Deux ans avant cette publication, Renders avait déjà consacré en 1933 un ouvrage à Hubert Van Eyck, afin de démontrer que l'existence de ce frère n'était qu'une légende et que l'oeuvre revenait entièrement au seul Jan, son "unique auteur". L'avant-propos révèle la verve polémiste de l'auteur : "[...] Nous complétons notre volume sur Hubert, -une analyse des documents écrits- par une étude des oeuvres peintes [...]. Travail ardu et coûteux, -nous en avons l'expérience- mais que nous poussâmes avec ardeur au lendemain d'une suite d'encouragements qui nous firent comprendre que, tout de même, en Belgique des savants qui se tiennent à l'abri d'un certain clan inféodé à ce qu'on est convenu d'appeler la science officielle, avaient ouvert les yeux et désiraient sanctionner notre effort de leurs sympathie et de leurs suffrages.

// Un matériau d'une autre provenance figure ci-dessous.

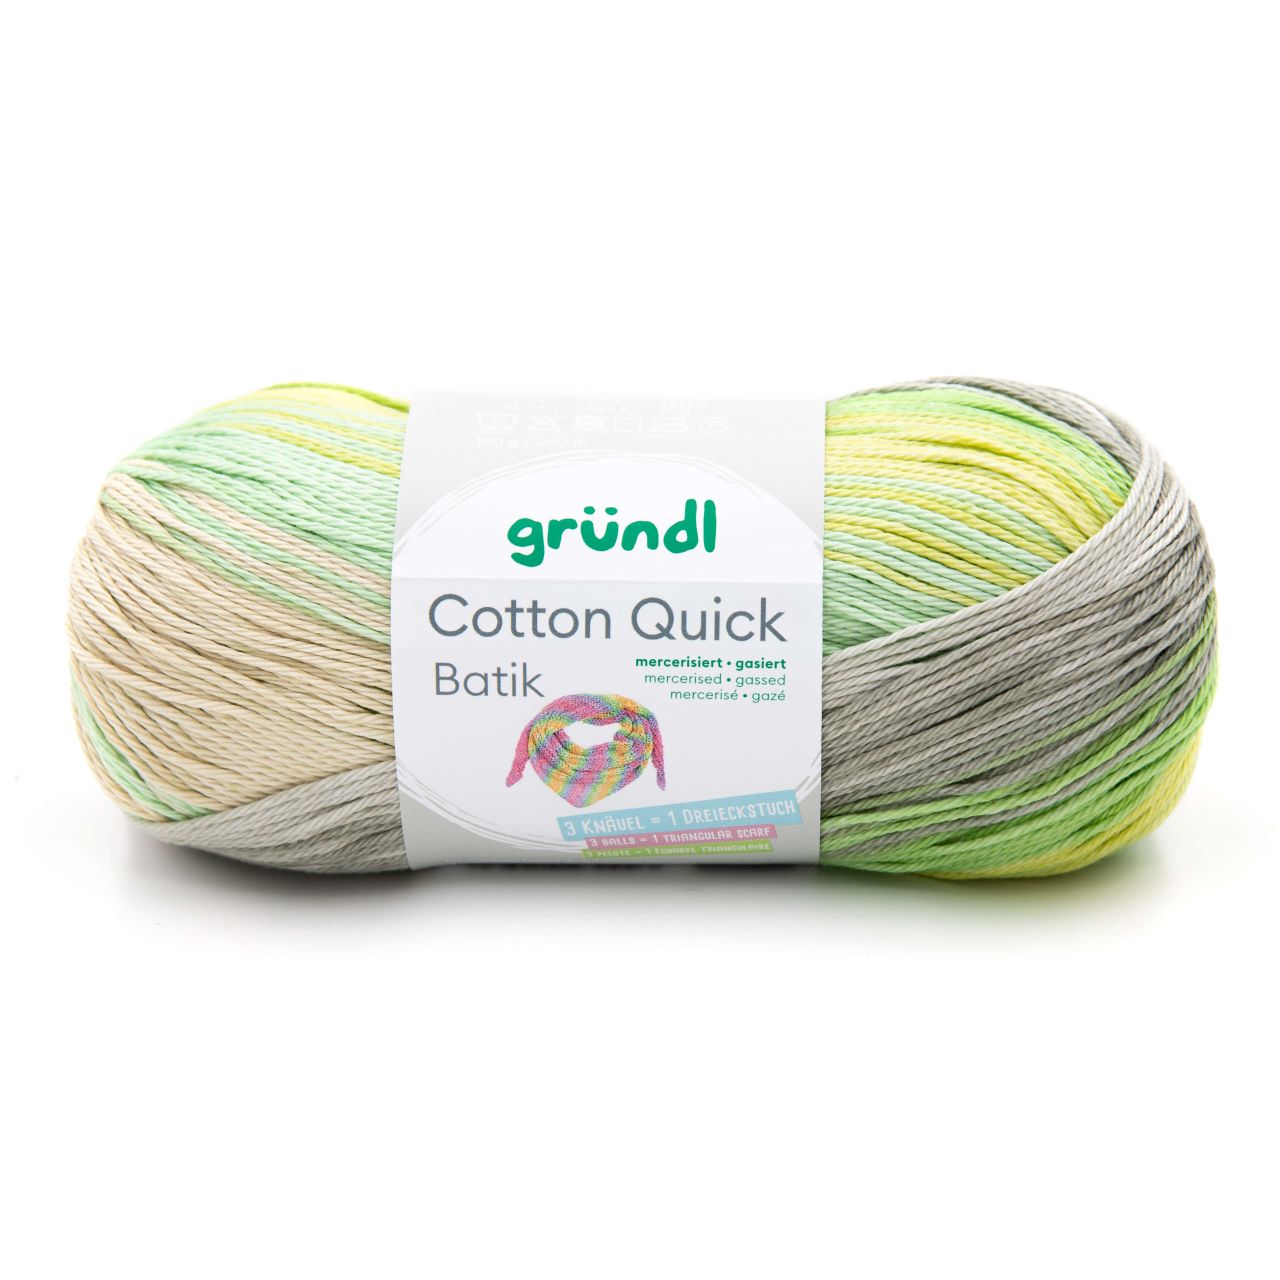 Gründl Wolle Cotton Quick Batik 100 g natur-türkis-gelb-grün von gründl

"Quelques professeurs l'eussent volontiers étouffé s'ils s'en étaient senti capables, cependant que, par des moyens que nous ne qualifierons pas aujourd'hui, ils cherchent à en écarter leurs élèves, les membres de leurs institutions officielles et jusqu'à nos propres amis et collaborateurs. Tristes procédés révélant tout simplement leur impuissance à mener campagne de front et visière levée contre une thèse qui les gêne, qui les désoriente, qui bouleverse leurs méthodes d'enseignement calquées sur celles qui ont cours depuis un siècle, et qui rectifie les erreurs qu'ils ont propagées à leur tour."